Information provided:
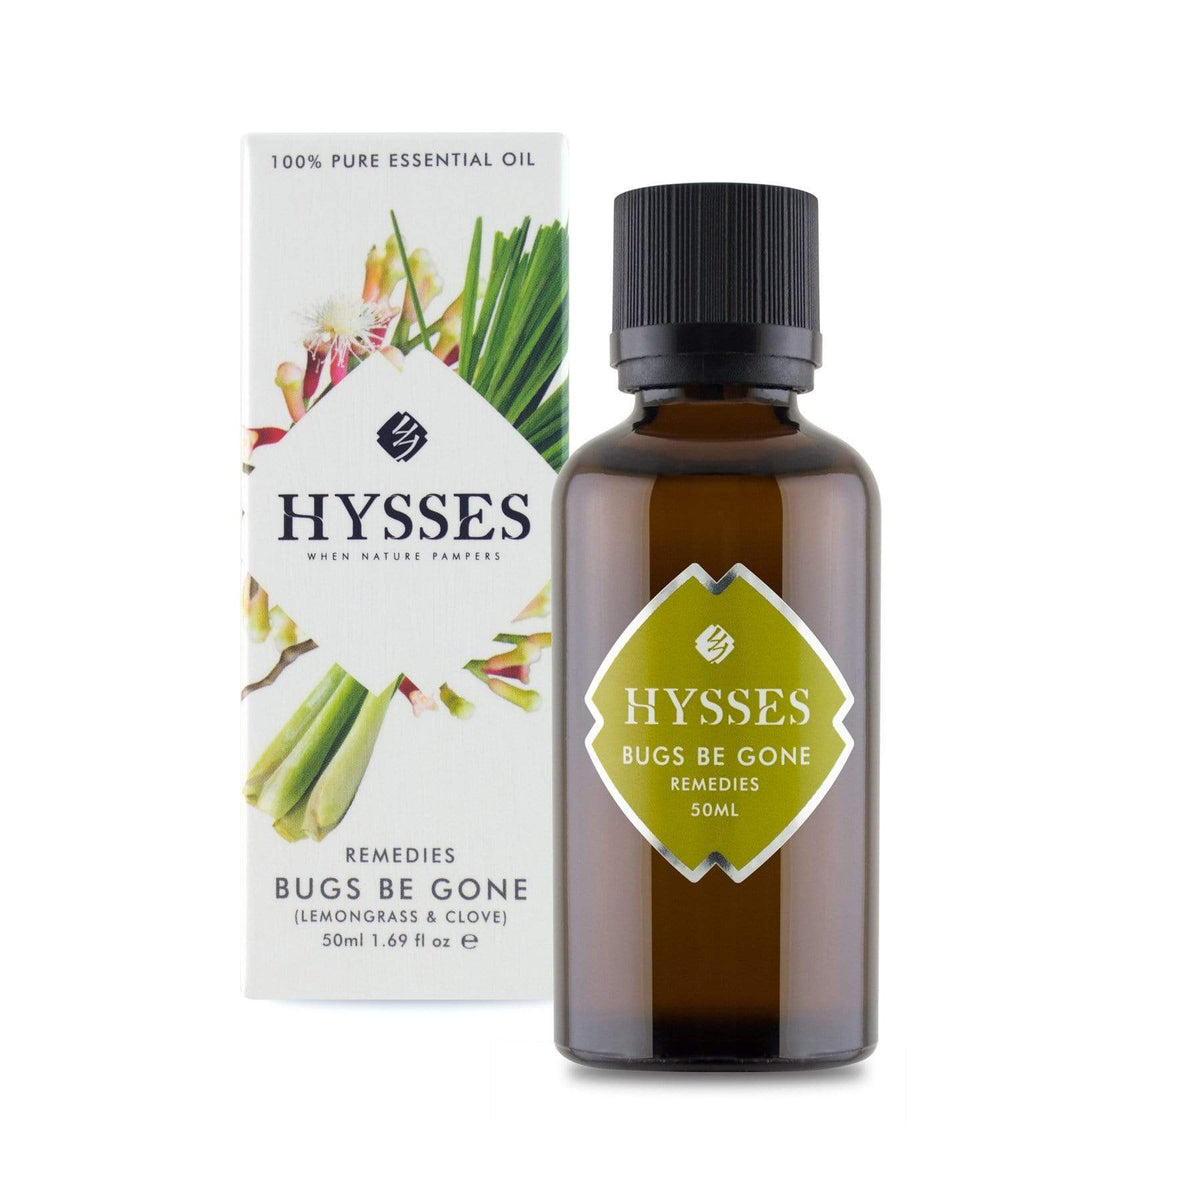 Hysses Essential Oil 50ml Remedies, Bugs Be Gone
---
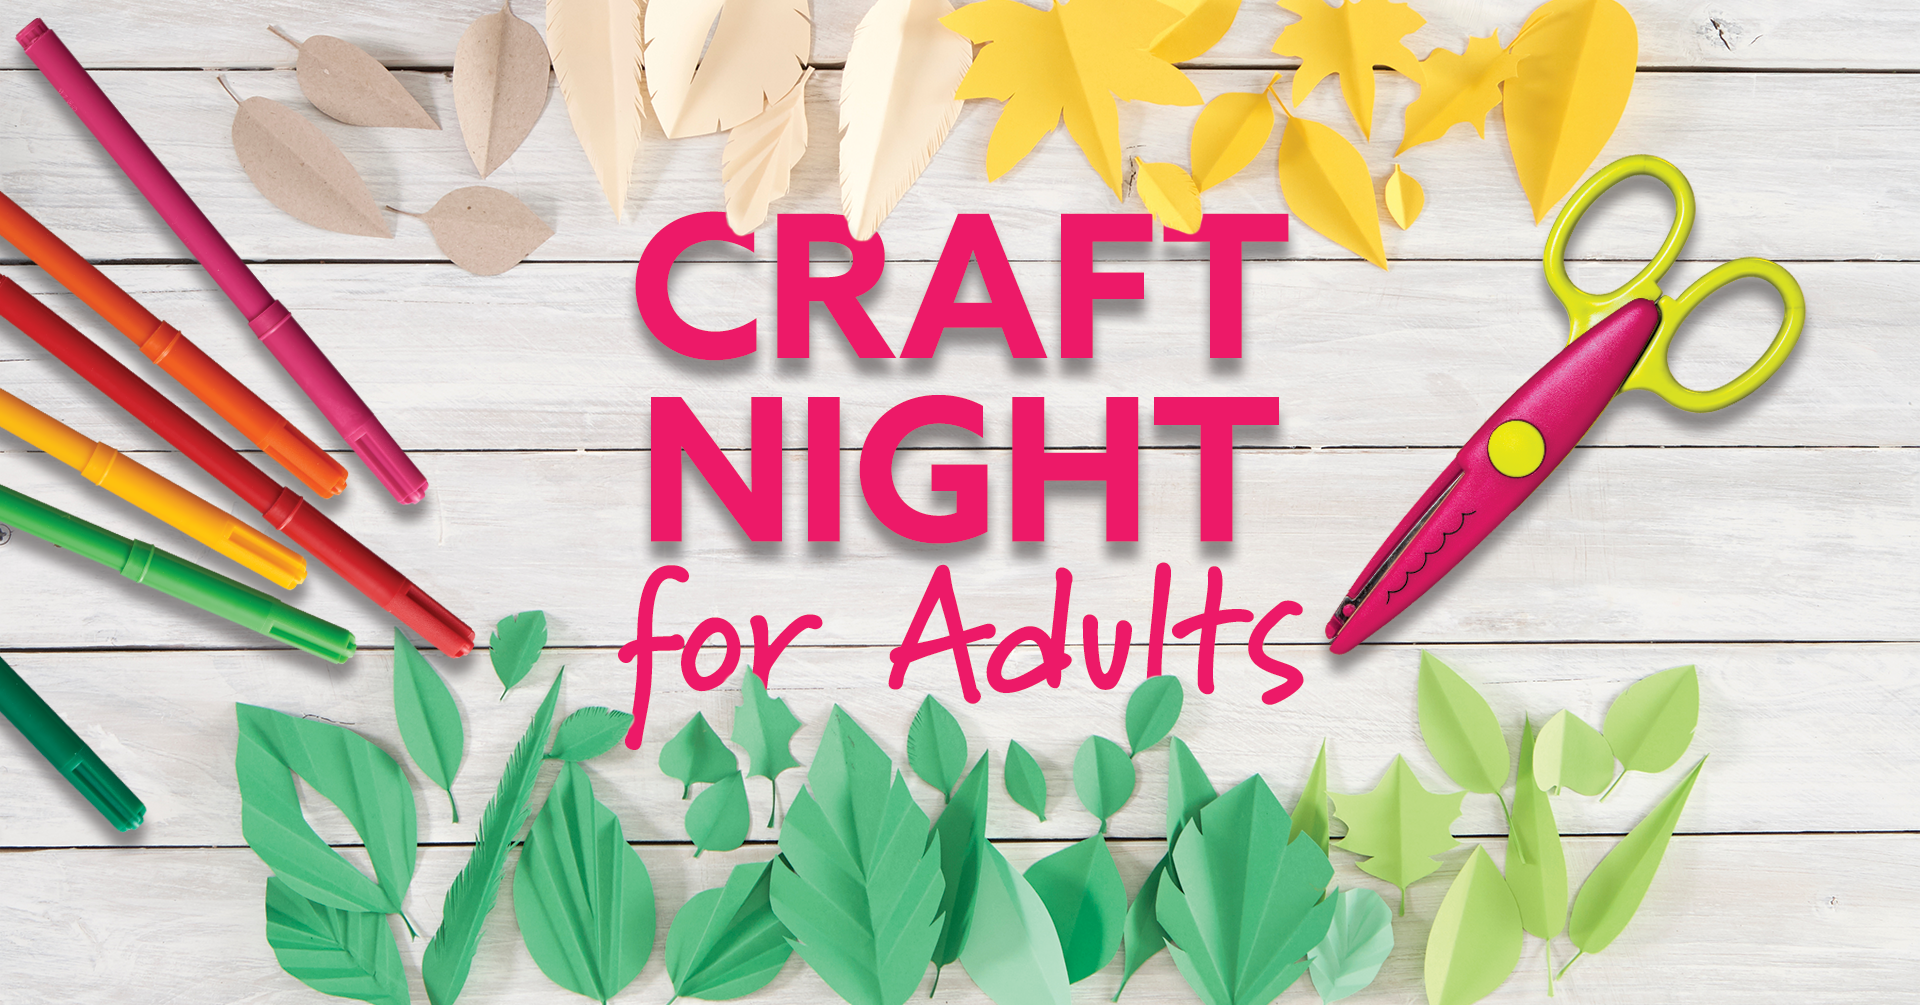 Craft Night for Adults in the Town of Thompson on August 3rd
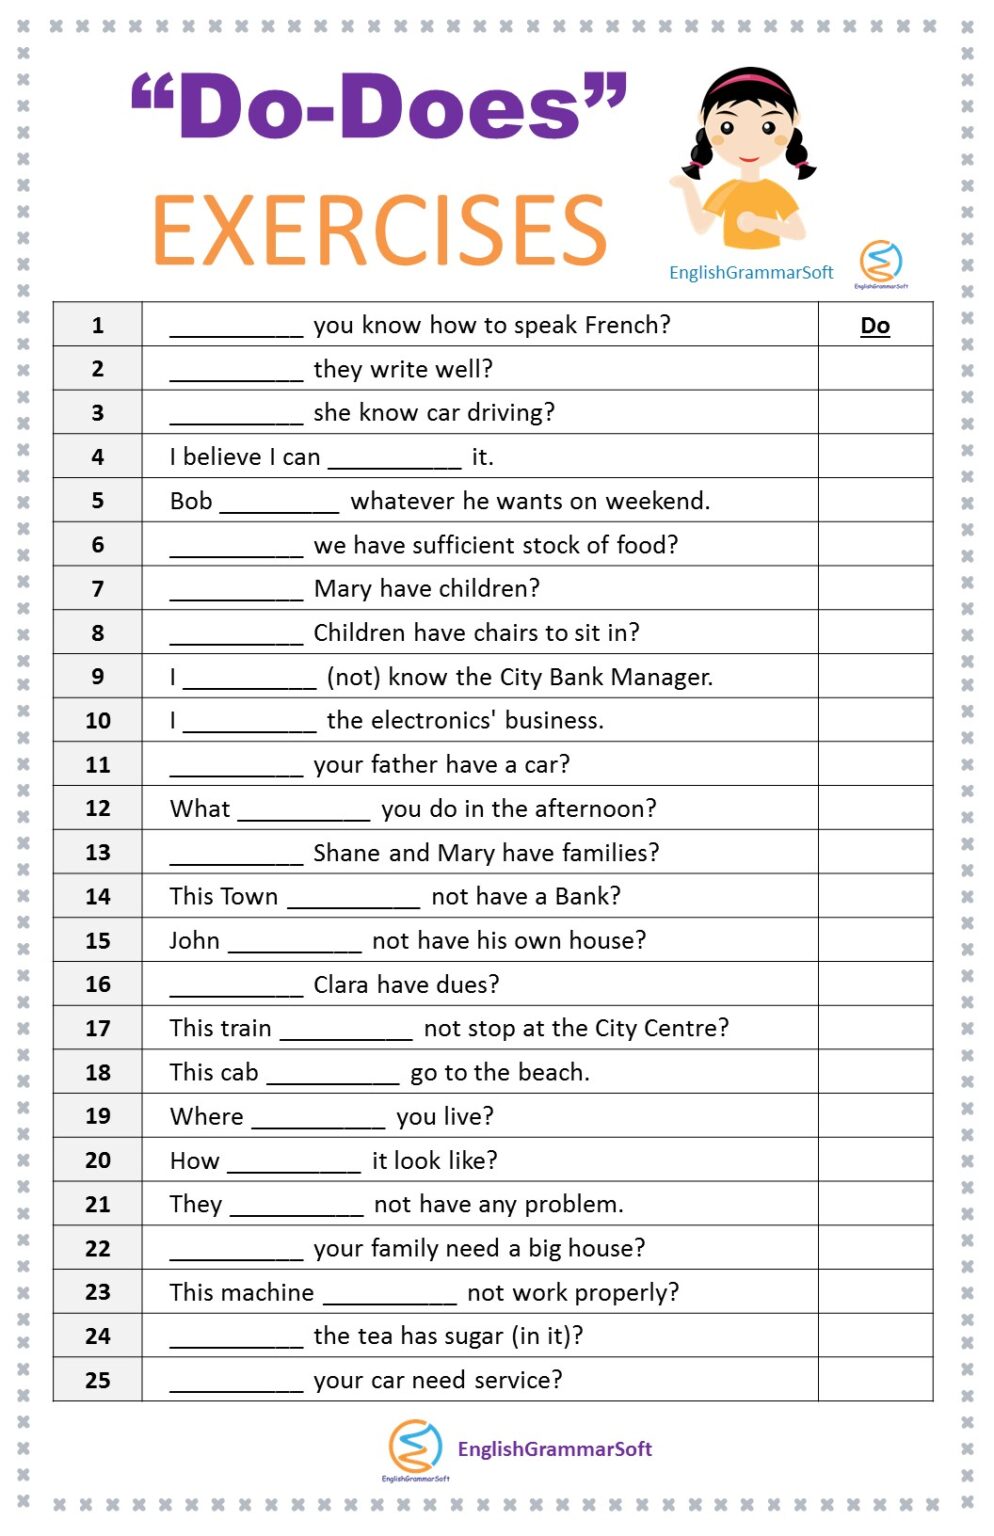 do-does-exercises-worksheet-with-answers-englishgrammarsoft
--
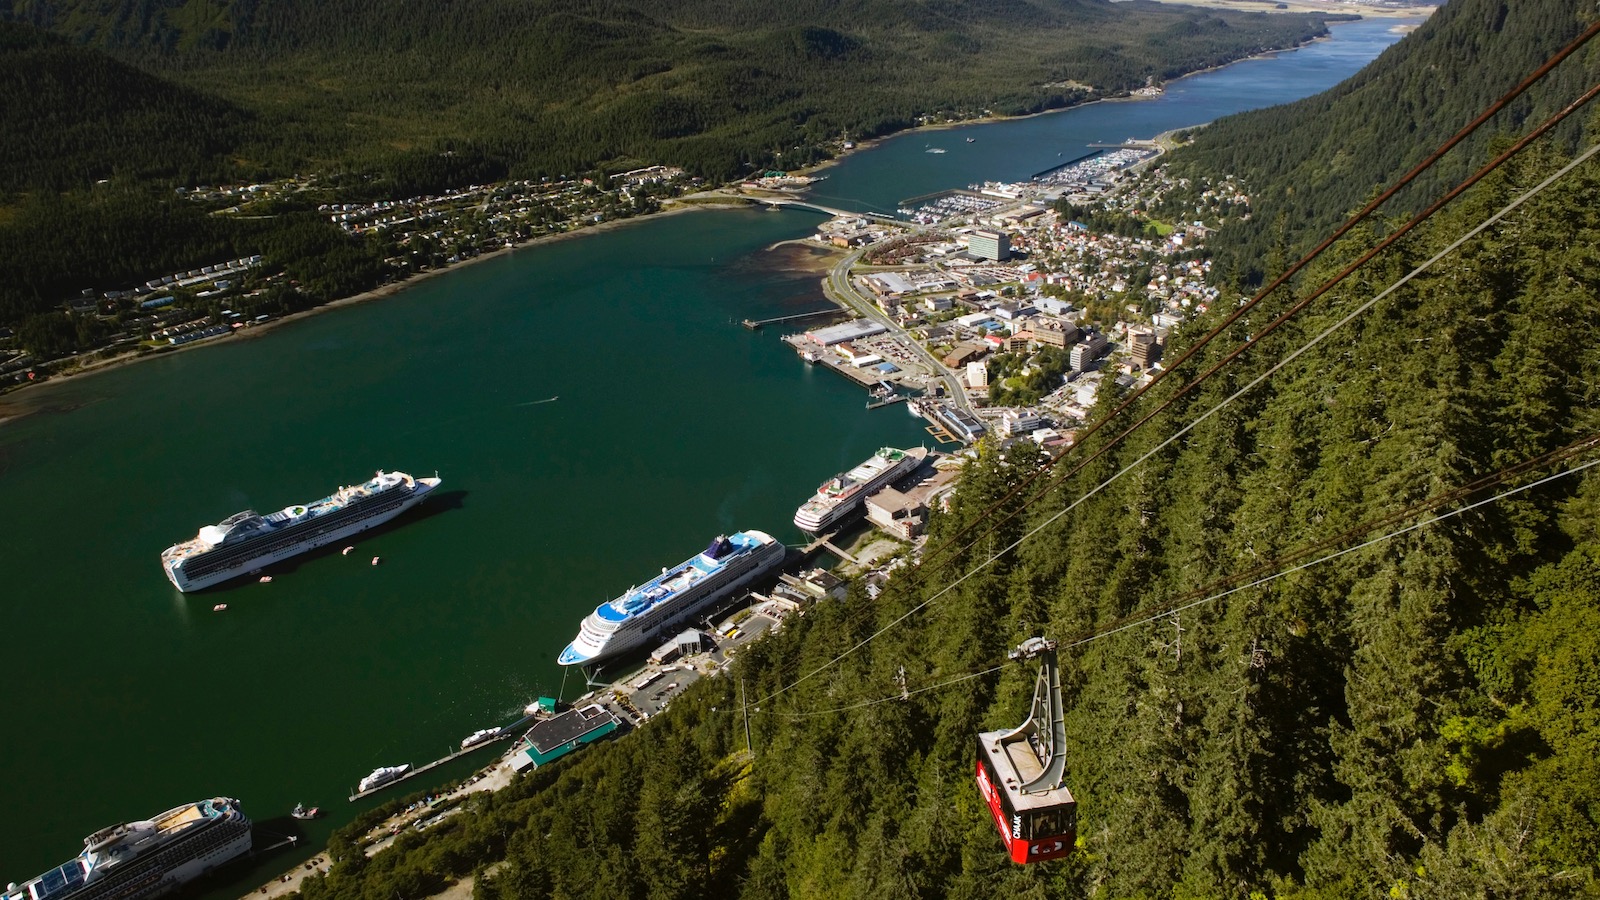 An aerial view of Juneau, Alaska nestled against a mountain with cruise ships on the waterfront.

What is needed: Because only one stretch of the records is wanted, please output the lines from the one holding "Craft Night for" through the one holding "do-does-exercises-worksheet-with-answers-englishgrammarsoft" exactly, both included, and leave every picture out.

Response for this exercise:
 Craft Night for Adults in the Town of Thompson on August 3rd
 do-does-exercises-worksheet-with-answers-englishgrammarsoft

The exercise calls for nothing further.